Since then I’ve completely fallen off the SLAA wagon. I stayed up until 3:00 a.m. googling the shit out of him, and trying to find out as much as I can. He has been the centre of all my romantic and sexual fantasies. In them, there’s lot of hot fucking, and we’re already married, and our kids all speak Arabic, French and English fluently. Oh, yeah, did I mention he’s North African and therefore fluent in Arabic and French? Since I speak French, he’ll tell me things like “J’adore tes super grands yeux bleus, ta sourire, tes cheveux courts…(I love your super big blue eyes, your smile, your short hair”; “tu es très attirante” (you are very attractive). Ugh! How to resist sweet-nothings in French?! How?!
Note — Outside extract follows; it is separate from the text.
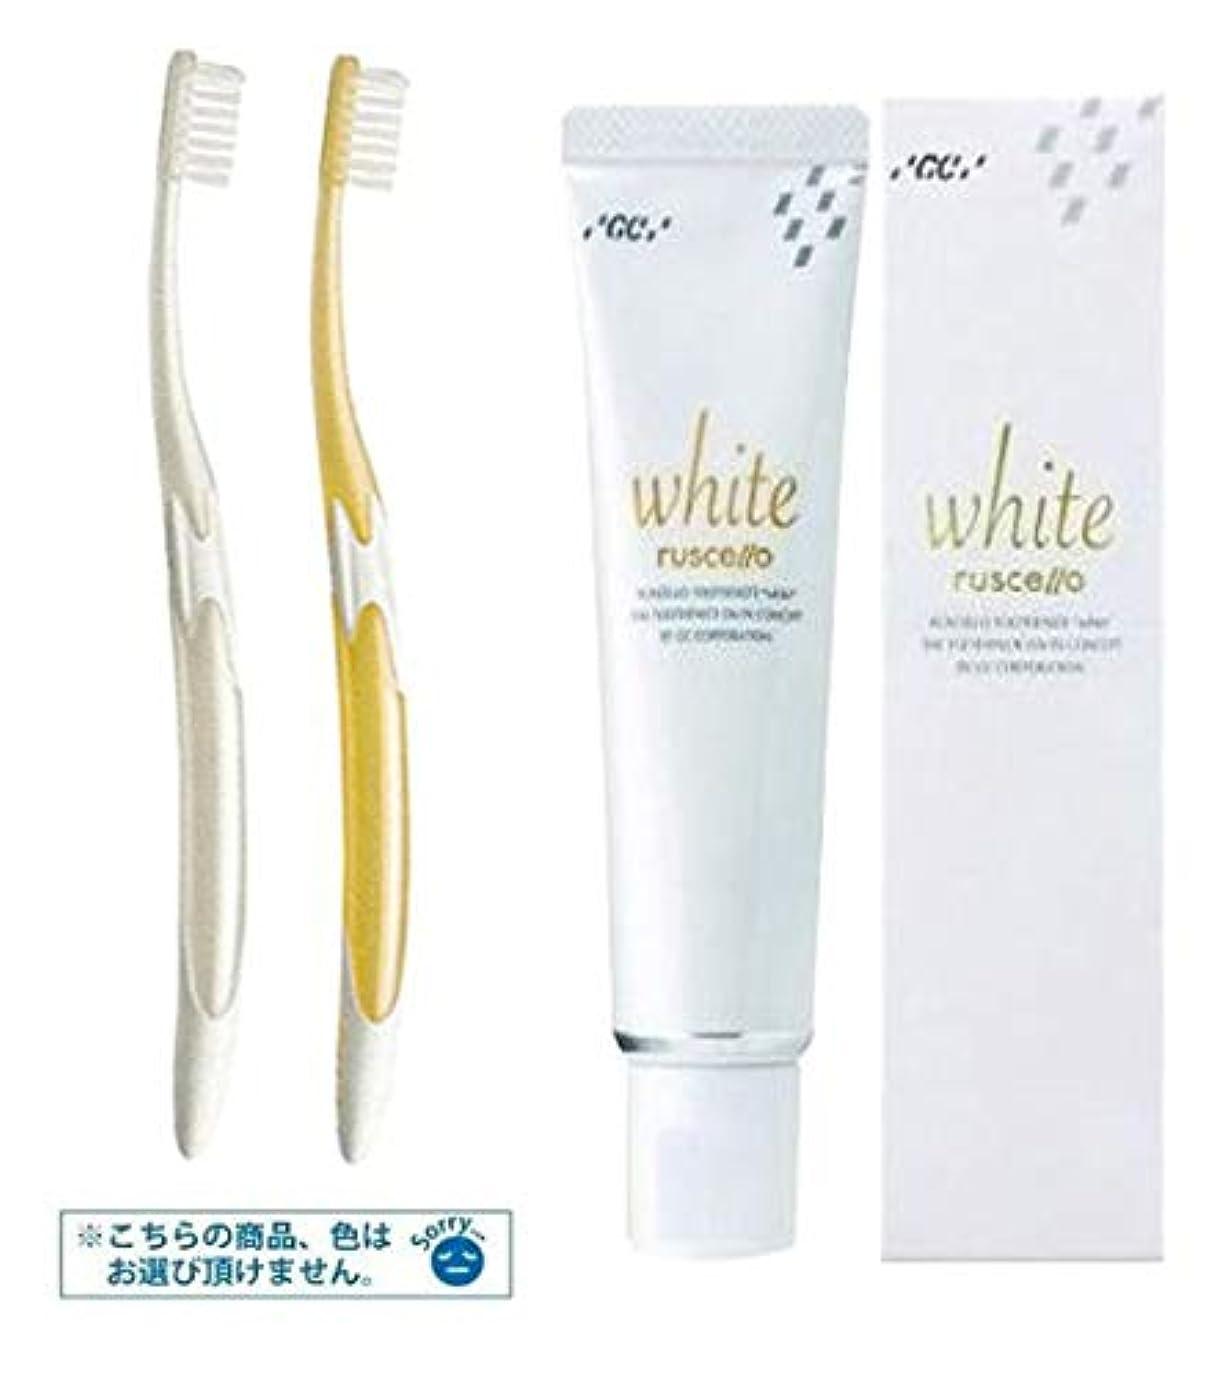 啓発するサンダル祝うGC(ジーシー) ルシェロ 歯みがきペースト ホワイト 100g 1個 + ルシェロ W-10 歯ブラシ 2本

Why did this have to happen? I was sooooo not fucking looking to date anybody. I was fine with living a quiet life. But, well, I guess deep-down that I wasn’t because I fell at the very first hurdle. I’m sure that my sponsor and all of you will tell me not to go on that date next week but, oh, I’m going.
And just in case you think it might be alright to date him, let me give you two more reasons why it’s an awful idea.
(1) Bizarrely, in 2006 or 2007, it turns out that I went on a date with his old roommate/friend. He is from the same country, and has the exact same name. It was only one date (he was too young for me, I felt) but we did make out passionately in his car. What guy wants to think that the girl he’s dating has already had a dalliance with a friend of his? Maybe American/European guys would be OK with this, but (again with my preconceived notions of Arab men) I can’t help but feel that this guy might not be cool with it. Maybe he thinks that I’m a complete slut.
(2) He befriended me on Facebook, and when I looked at his pictures, there was one of him standing with a friend of his who, a few years ago, was one of my sensual massage clients. I have no idea how good of a friend this guy is, but how fucking awkward is that? What if I meet this guy and his wife? What if the Arab knows all about my nice little sideline in handjobs and again thinks that I’m just an easy lay.
What the fuck am I doing? Why did this have to happen? Why can’t I just stay away from this guy? What happened to being all spiritual and zen?